I doubt too many of Cytoplan’s readers and followers believe that their biggest concerns, with regard to the ageing process, is grey hair and wrinkles!
However, for a sober look at what could potentially be instore, you might like to check out a comprehensive article by Medline Plus – Ageing changes in the bones – muscles – joints.
Let me call out a few gems:
- Loss of bone mass or density
- Stiff and painful joints
- Decrease in muscle mass
- Changes in posture
- Reduction in energy and increase in tiredness
- Loss of stability and balance
All of which can be exacerbated when we throw in menopause and the accompanying fluctuating and diminishing hormones.
One of these, estrogen, plays a key role in protecting the heart, and as it diminishes so does its supporting role in heart health.
It is also widely recognised that, post menopause, women are more susceptible to weakening bones and osteoporosis.
And then there is of course menopausal weight gain that can put a strain on the physical body overall.
Aren’t I just a beacon of joy!
Whilst the process of ageing can seem daunting and confronting, the good news is that all of these symptoms can be positively influenced by an active lifestyle.
There are many pillars to wellbeing that are supportive of health and wellbeing, but this blog is focussed on just one – movement.
So, let’s take a look at 10 reasons to keep moving, summarised from Healthline’s ‘The Top 10 Benefits of Regular Exercise’:
- Improves mood and decreases feelings of depression, anxiety, and stress.
- Helps to attain or maintain a healthy weight.
- Plays a vital role in building and maintaining strong muscles and bones.
- Boosts energy and reduces feelings of fatigue.
- Reduces the risk of some chronic illnesses, such as heart disease and diabetes 2.
- Supports skin health and can delay the appearance of skin ageing.
- Helps brain health and cognitive functioning.
- Supports relaxation and improves sleep onset and quality.
- Can help with chronic pain and pain tolerance.
- Helps to improve sexual desire, function, and performance.
Aren’t I just a beacon of joy!
So, there are seemingly many sound reasons to keep active but what happens when we won’t or don’t – is it really a case of use it or lose it?
A somewhat ‘tongue in cheek’ named article, by business insider ‘what would happen if you never got out of bed’, shows the extremes of being immobile.
Evidently, within a week we would lose 1% of bone density and muscle mass and in two weeks 10% of your muscle mass.

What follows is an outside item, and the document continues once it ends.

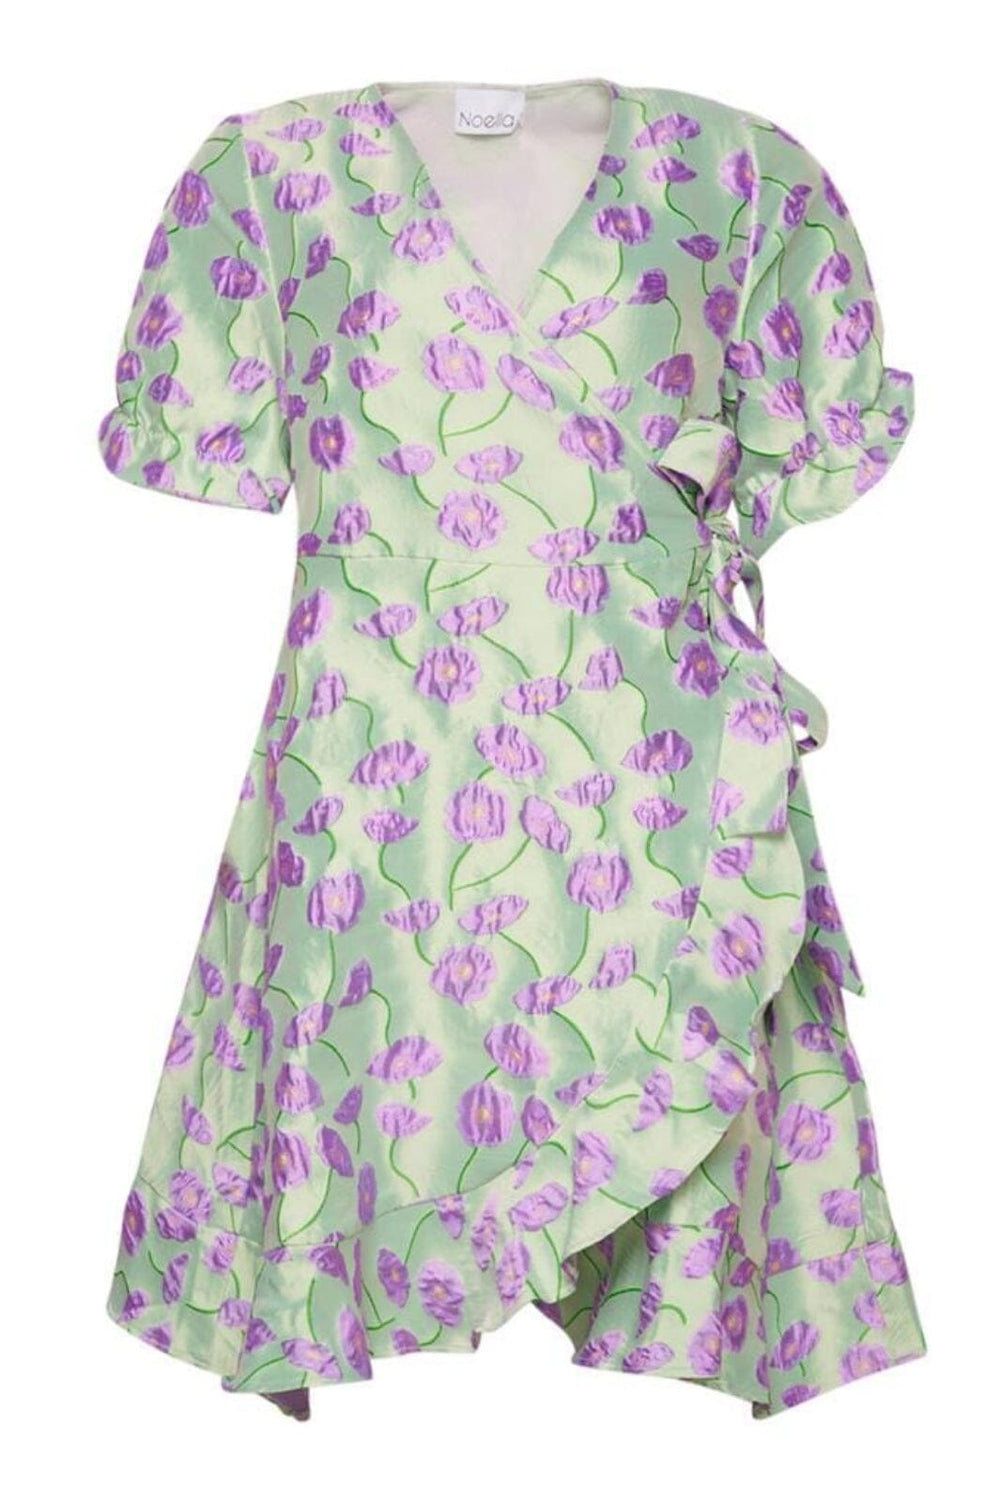 Noella - Alicante Dress - 515 Lilac Mix Kjoler 
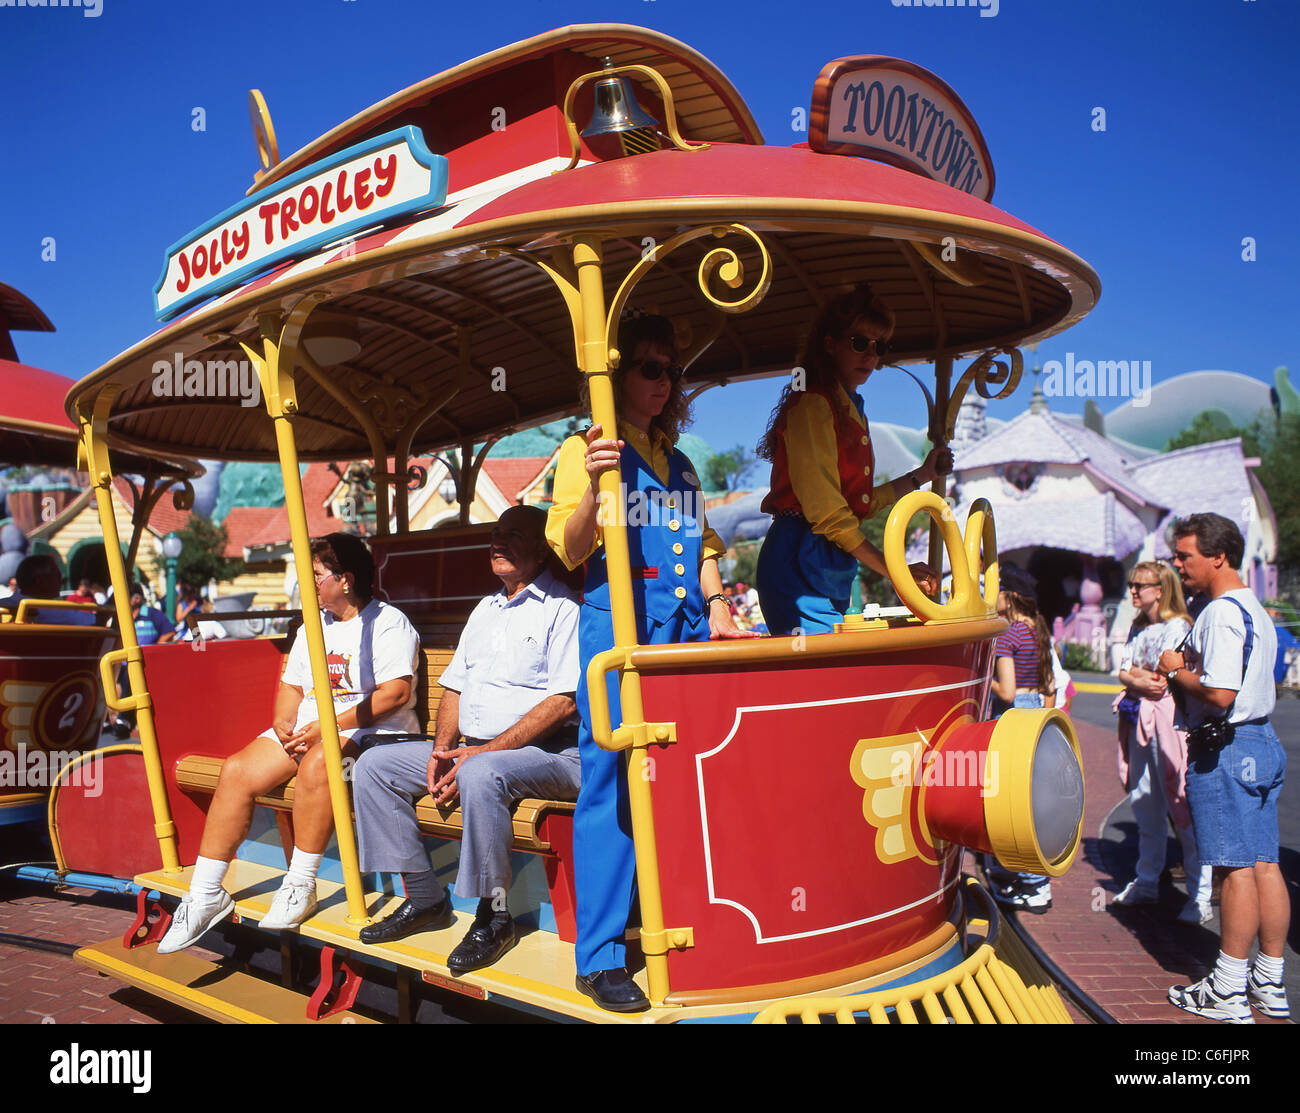 jolly-trolley-mickeys-toontown-disneyland-anaheim-california-united-C6FJPR.jpg

Give it six months to a year and your muscles and bones may have deteriorated to a point where you are unable to bear your own weight.
Whilst this is an extreme example, many people today are living more of a sedentary lifestyle than the body was designed to do.
In fact, according to an NHS article ‘why we should sit less, the average person in the UK sits for around 9 hours per day. That is more than the average person sleeps!
Whilst this might sound like a lot, watching TV, eating, driving, commuting, and using a computer etc – can soon all add up.
Whilst the effects on the human body may be slower than if we decided to stay in bed, it makes sense that inactivity will eventually take its toll.
If you are someone who is required to sit a lot and would like to consider ways of reducing or counteracting this, you might like to check out a previous blog ‘the practice of sitting’.
Ready to get moving?
There are many ways to stay active, fit, and strong – throughout our lives.
The general consensus seems to be that us adults should be doing about 150 minutes of exercise a week. Break that down and we are looking at about 30 minutes a day, with a couple of days off.
Doesn’t sound too bad, does it?
When it comes to achieving your minimum weekly quota, there is no one size fits all and it really is a case of finding what works for you, your budget, your personal health circumstances, and your lifestyle.
So, whether you are just starting out or being active is second nature to you, there is something for everyone. Regardless of age, weight, or whatever physical shape you may find yourself in.
A word to the wise
If you have been diagnosed with or are concerned about osteoporosis, I would recommend checking out the Royal Osteoporosis Society website where you will find a whole host of supportive information including factsheets, booklets and information films.
Also, if you are new to exercise or are looking at changing your exercise routine, I would of course recommend that you start slowly and under the guidance of a medical practitioner.
Otherwise, on your marks – get set – let’s go!
Let’s get moving
Unsurprisingly, there are mixed views as to which form of activity or exercise yields the biggest benefit.
What most experts do seem to agree on is that mixing it up will see the benefits overlap. As well as give the body time to recover and reduce the risk of injury.
Let’s take a look at some of the different types, that are beneficial to us women of a certain age. The what and more importantly the why…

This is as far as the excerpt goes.